Survivor…The Process of Surviving From Another Person’s Point Of View

being a survivor

The process of surviving from another person’s point of view.  So many points of view swimming around in my mind, conjured from glances and phrases both real and imagined.  These points of view are so loud and so useless, sometimes running my thoughts in circles.

I come from a line of farmers who worked themselves into the dirt, day after day.  They survived off each other and off of the land.  My mother lived a similar life of constant tasks and chores, never resting.  I do not know where I fit in this sea of dirt and movement.  Sometimes I feel stuck in the everyday tasks of developing a routine, even leaving the house.

And these other points of view, they yell and point fingers from inside my own head.  They call names, shout words, and lend the shoulds to that word “survivor.”

Each should circles and bubbles and mutates into a point of view of its own, as the day goes on, and the shadows lengthen.

“Listen to the mustn’ts child, Listen to the don’ts.  Listen to the shouldn’ts, the impossibles, the won’ts.  Listen to the never haves, then listen close to me.  Anything can happen child, anything can be.” – Shel Silverstein

My 17 year old self knew how to make it happen.  How to be afraid of failure but do it all anyway.  She knew to tape that poem on the ceiling right above her head.  She knew how to jump into the cold water of the deep end, day after day, and chase the things that she wanted, finding freedom from those shoulds in the struggle.

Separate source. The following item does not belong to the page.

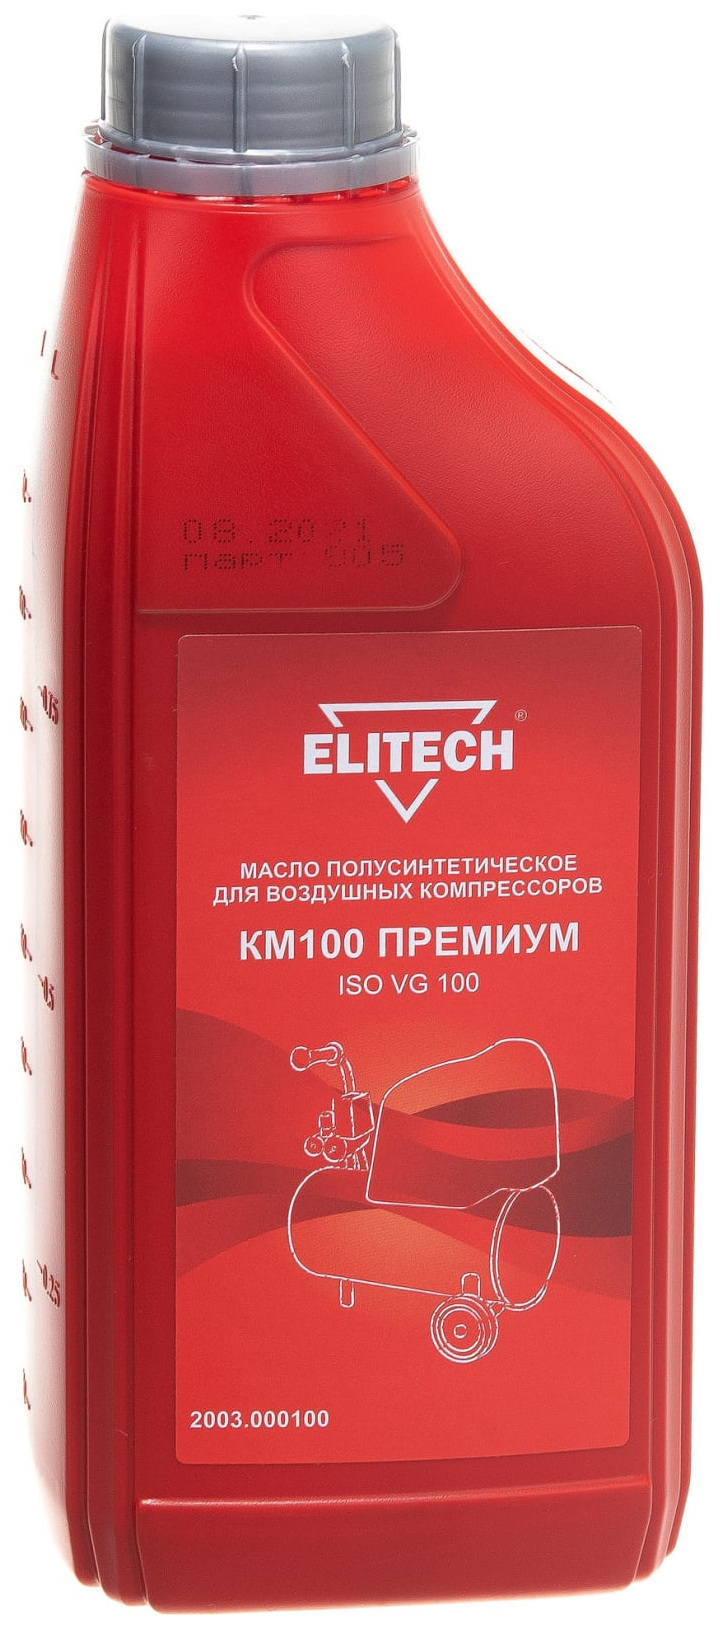 Масло полусинтетическое КМ100 (1 л) для воздушных компрессоров Elitech 2003.000100

The shoulds of surviving, the shoulds of being here and alive and well.  The shoulds of anxiety and fear and wholeness and health.  The shoulds of the points of view circling around my mind.  I do not yet feel freedom in the struggle.  Maybe tonight, I’ll lay my head down, think of that poem, and start over in the morning.

How would you respond to the writing prompt, “sur.vi.vor – the process of surviving from another person’s point of view. – to beat the odds, one with great courage, a true inspiration.” ?

This writing comes directly from one of our participants in our Unspoken Ink Creative Writing Group for young adult cancer survivors.  The participants met for 2 hours each week, for 10 weeks during our Spring 2016 session.  This writing has not been edited since its original creation, showing the wonderfully raw and powerful prose coming from the courageous writing group participants each week.  Our Fall 2016 session is already full but if you’d like to sign up for future sessions, please email info@lacunaloft.org.

Dear Body

young adult cancer writing group

Dear Body,

Really any body but mine.  I seek the refuge of a body with many characteristics, some of them I used to call my own.

I seek a body that doesn’t become ill at the slightest ounce of oncoming stress.  One whose sinuses don’t revolt just because I’ve worked a 50 hour week.

I seek a body that doesn’t tire so completely at 9 pm.  One, in fact, that could imagine venturing out past dark for some night time excursion or an evening of dancing.

I seek a body that requires only moderate control over the safety of its surroundings.  By safety, I do not mean dimly lit alleys.  Instead, I mean the notion of needing absolutely control over every boundary of a home.  If the body applying experiences anxiety over shoes left on or lights left off or whether the oven might burn the house down even though it hasn’t been turned on all weekend…please do not inquire further.

I seek a body ready for last minute adventures and sarcastic comments, a body not easily bruised, or weathered, or worn.

Dear Body…like I said, really any body but mine.  Please inquire further if you can sleep less than 7 hours and still leap from bed chipper and awake.  Dear Body, please inquire further if the circles under your eyes have not been painted on by chemo and stress.

…Sure, the body I have now works.  It moves and bends and runs about.  It just has such strict hours of operation and the worst tolerance for emotional discomfort without crying fatigue and melting all over the place.

Dear Body, really any body but mine…

 

How would you respond to the writing prompt, “Dear Body,…” ?

This writing comes directly from one of our participants in our Unspoken Ink Creative Writing Group for young adult cancer survivors.  The participants met for 2 hours each week, for 10 weeks during our Spring 2016 session.  This writing has not been edited since its original creation, showing the wonderfully raw and powerful prose coming from the courageous writing group participants each week.